**Problem description:**
Using the listing below, retype only the lines from the line with "Ecoya - Pillar 75x85 Natural - French Pear" through the end, both ends included, and exclude the pictures.
Supplied material below:
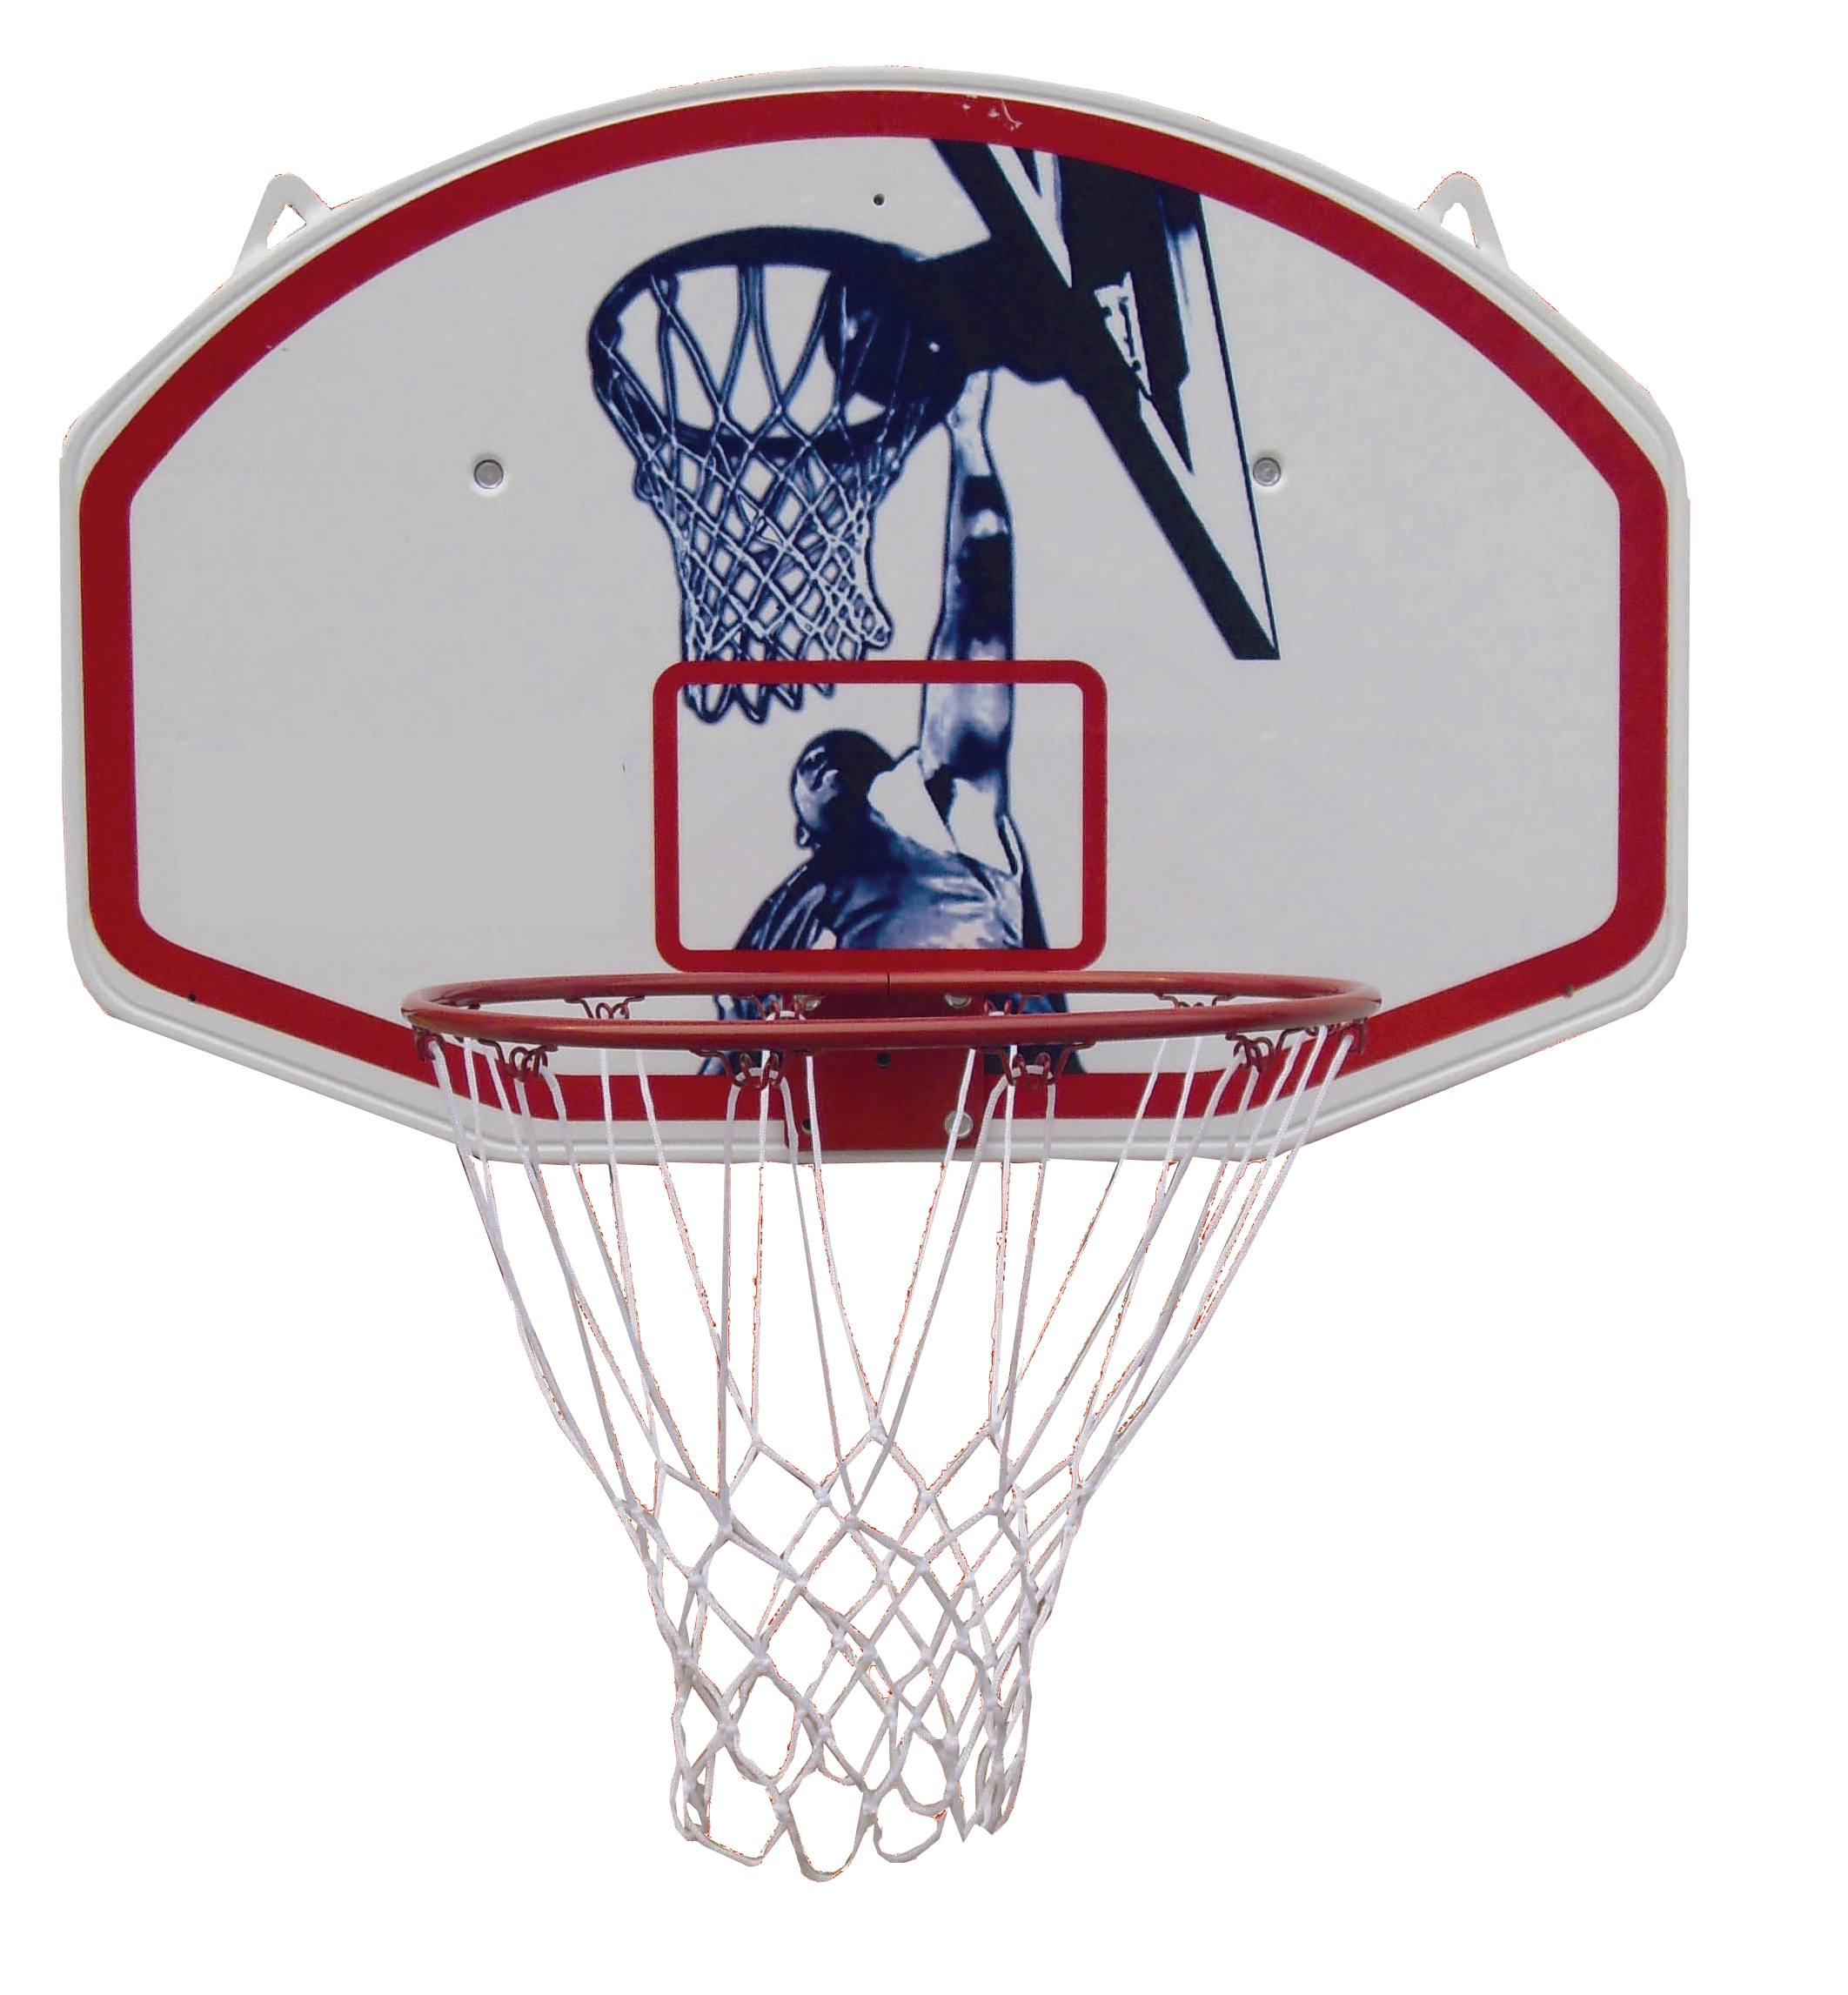 Basketbalová doska + kôš Spartan Ruckwand
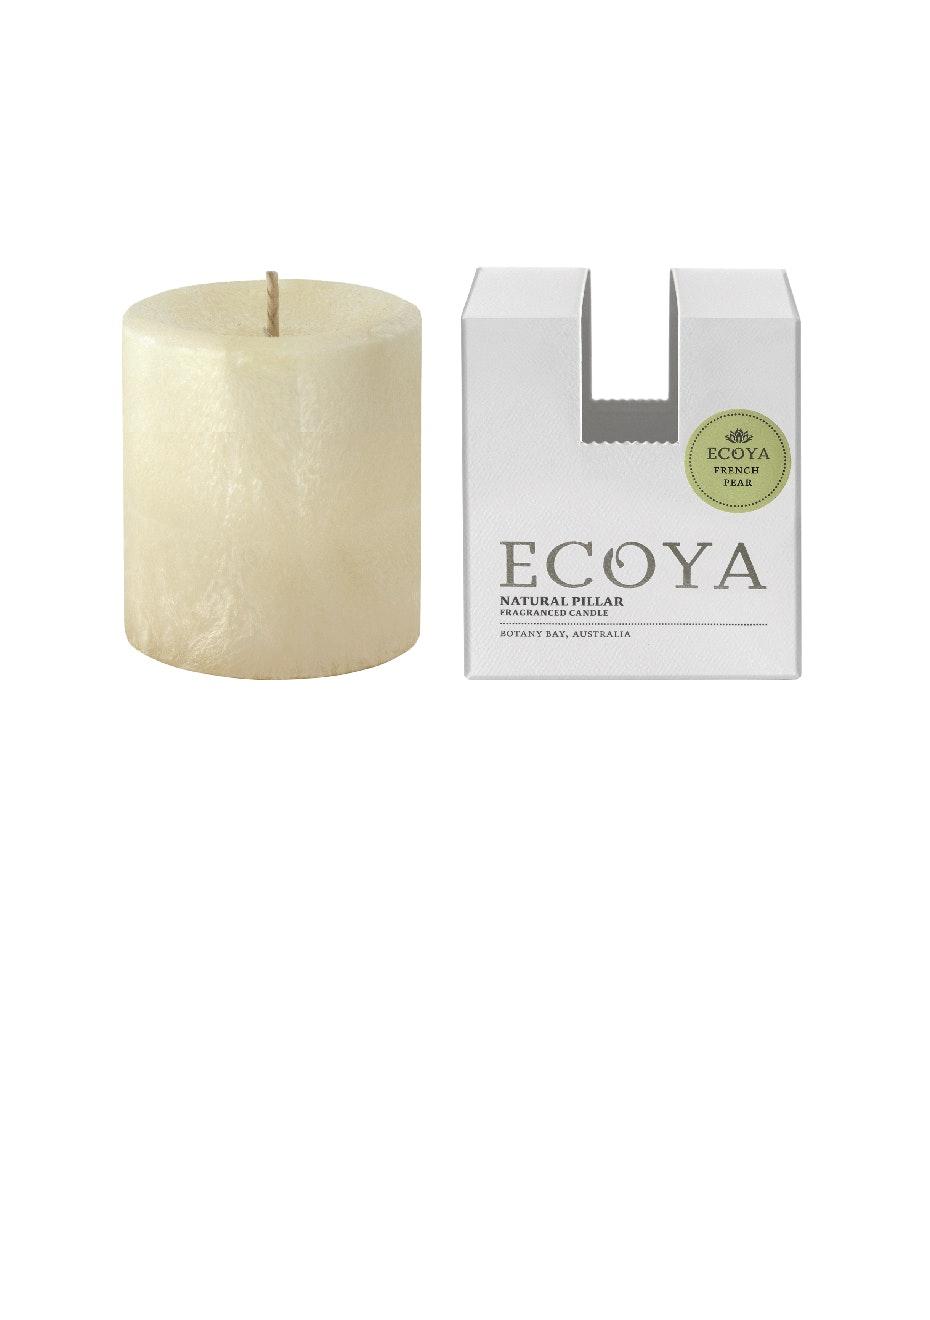 Ecoya - Pillar 75x85 Natural - French Pear
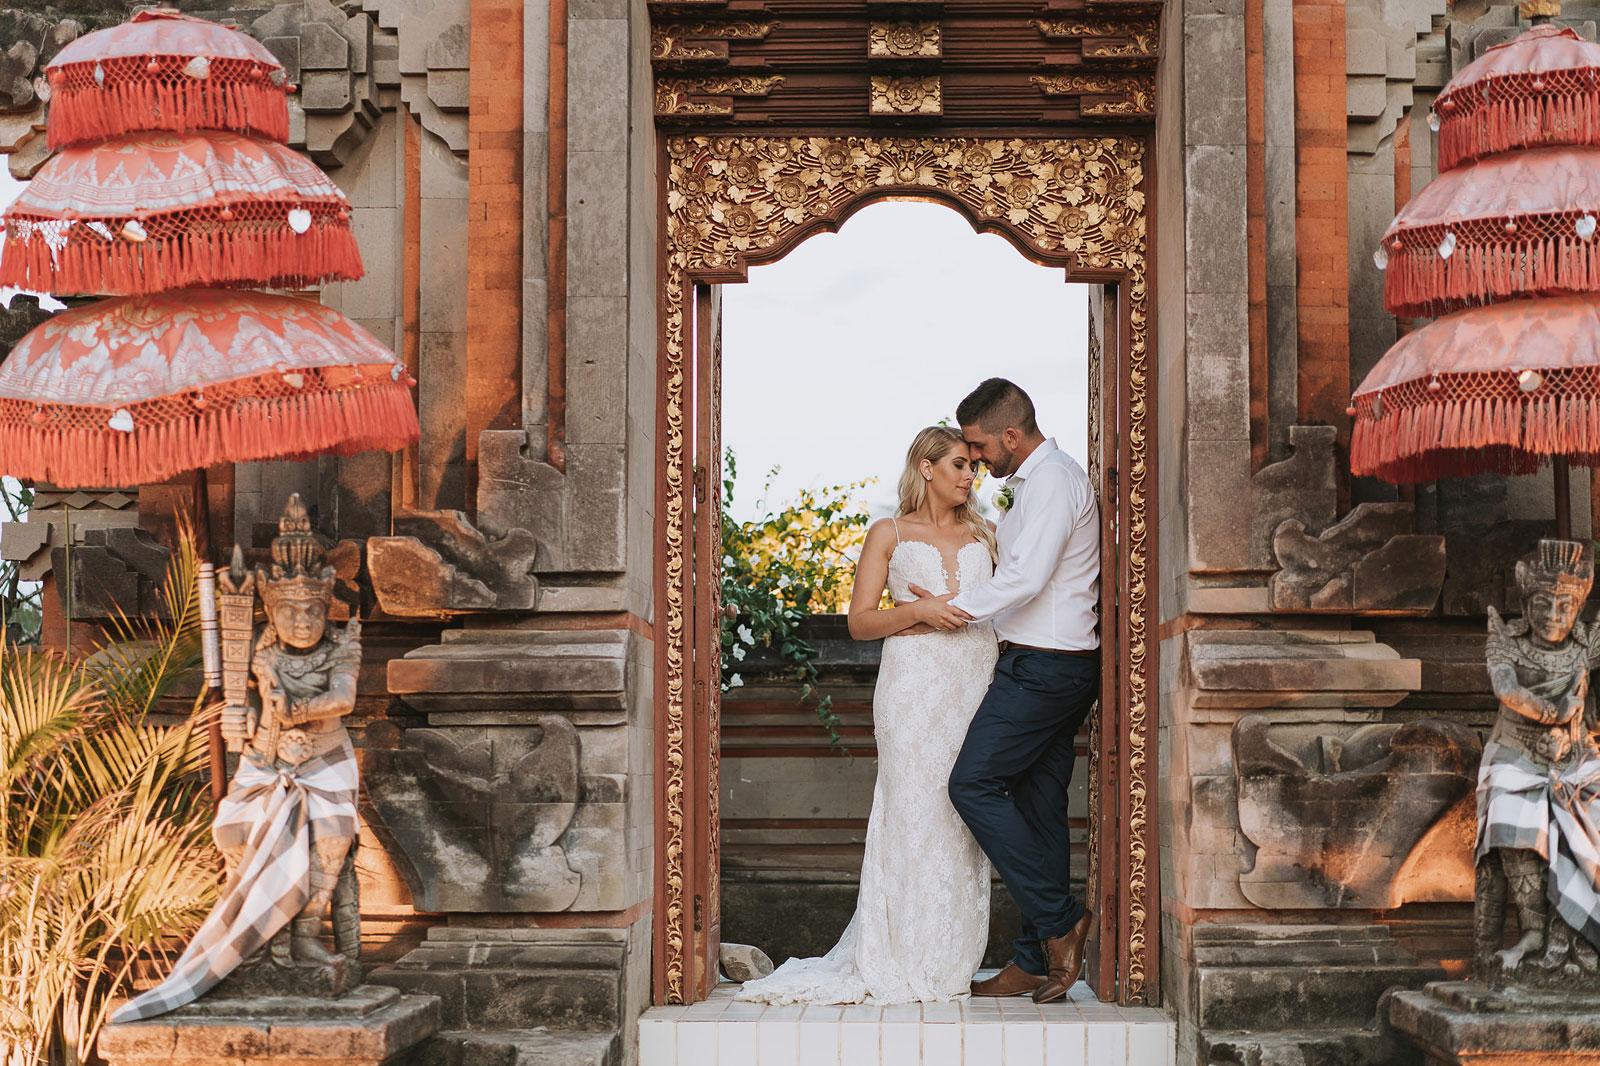 newfound-j-j-bali-nusa-dua-wedding-wedding-photographer-067-a
End of Supplied material.
**Output of the task:**
 Ecoya - Pillar 75x85 Natural - French Pear
 newfound-j-j-bali-nusa-dua-wedding-wedding-photographer-067-a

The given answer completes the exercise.